Review of True and False
[In the following review, Price outlines Mamet's main messages about acting in True and False.]
In David Mamet's True and False, the Pulitzer Prize-winning playwright and Oscar-nominated screenwriter reveals the unique perspective of how a playwright views the rehearsal and performance aspects of a text. In this book, Mamet offers an alternative to the standard “Method” acting approach.
Without specifically addressing his own plays, Mamet's scalding criticism of Stanislavski and the American “Method” can easily be read as a prescription for how this playwright intends his plays to be analyzed and performed—and how not to.
True and False consists of one hundred and twenty-seven pages divided into twenty-nine chapters; and, like his dialogue, Mamet's chapters are brief, hard-hitting, and poignant. Mamet assaults and insults the commonplace institution(s) of American acting, while delivering an (albeit limited) alternative for discovering artistic Truth in the “depraved carnival” of show business (50). The chapters, the longest being only eight pages, read as vignettes on acting, philosophy, and life, with titles such as: “The Rehearsal Process,” “A Generation That Would Like to Stay in School,” and “Eleven O'Clock Always Comes.” Although seemingly diverse topics, Mamet links philosophy and acting through the pursuit of Truth—on stage and in life. According to Mamet, one should live “To deny nothing, invent nothing—accept everything, and get on with it” (71).

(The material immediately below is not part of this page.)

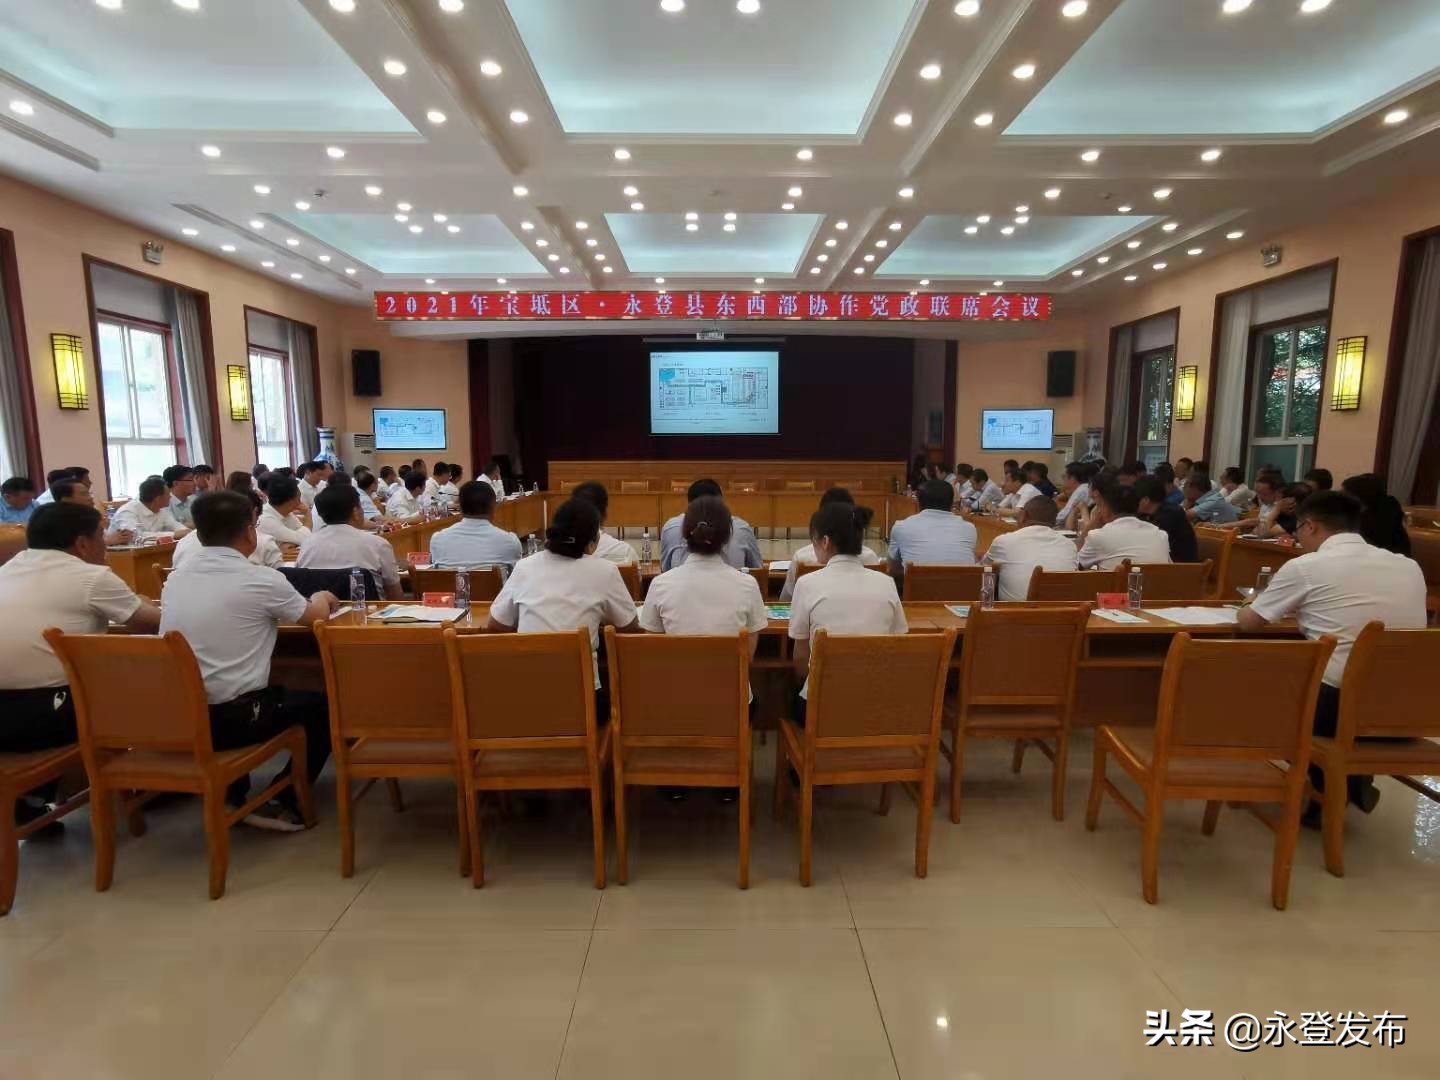 2021年宝坻区永登县东西部协作党政联席会议召开

In American popular culture and theatre, Mamet stands at the forefront of the contemporary canon of American dramatic literature. It is through this status that one must view his unabashed and overt “slaughter of the sacred cow” of American acting: The Method. Mamet criticizes conventional acting methodology in every chapter save four, referring to Stanislavski's theories as “hogwash” (12). The mainstays of The Method, “emotional memory” and “sense memory,” represent for Mamet the same futility as “teaching pilots to flap their arms while in the cockpit in order to increase the lift of the plane” (12). Throughout this text, I found the strongest quality to be the simple and direct style in which Mamet presents an alternative approach to acting. Mamet believes that if a play is designed well, the writing itself contains all that is needed. Say the words clearly and with intention, for layering emotion on the words dilutes the strength and clarity, and creates “funny voices” or false emotions. Mamet's advice to the actor is as direct as his dialogue. His tearing down of mainstream acting theory constitutes, for many, the subtitle's “heresy”; however, “common sense for the actor implies that a mother does not concern herself with her emotions when trying to save her child, she reacts.” He emphasizes instinct and action, not preparation and emotion. Mamet, in general, reduces a complex art form to simple directives, perhaps too general and overly simple.
Ironically, the strength and confidence that exudes from his attack on The Method may also be the weakest and most contradictory sections of this text. While denouncing Stanislavski, he encourages the use of imagination, action (pursuing an objective), and “acting ‘as if’”—all of which are pure Stanislavskian elements of acting. Moreover, Mamet's theories also resemble Sanford Meisner's acting techniques, yet Meisner's name is notably absent from Mamet's text.
Mamet's approach holds immense promise for the playwrights of popular culture, like himself, Pinter, and Shepard. True and False stands as a guide, allowing us “to lift up the hood, as it were, and look at the wiring” (90) of the dramatic mechanisms of David Mamet. But what of Shakespeare? The Greeks? Molière? How can an actor who isn't familiar with verse concern herself with objectives when she doesn't understand the language?
Mamet's approach is specific to his plays and those of similar style and language, the way in which he wrote his plays to be performed. To this end, True and False represents a significant contribution to acting theory and popular culture.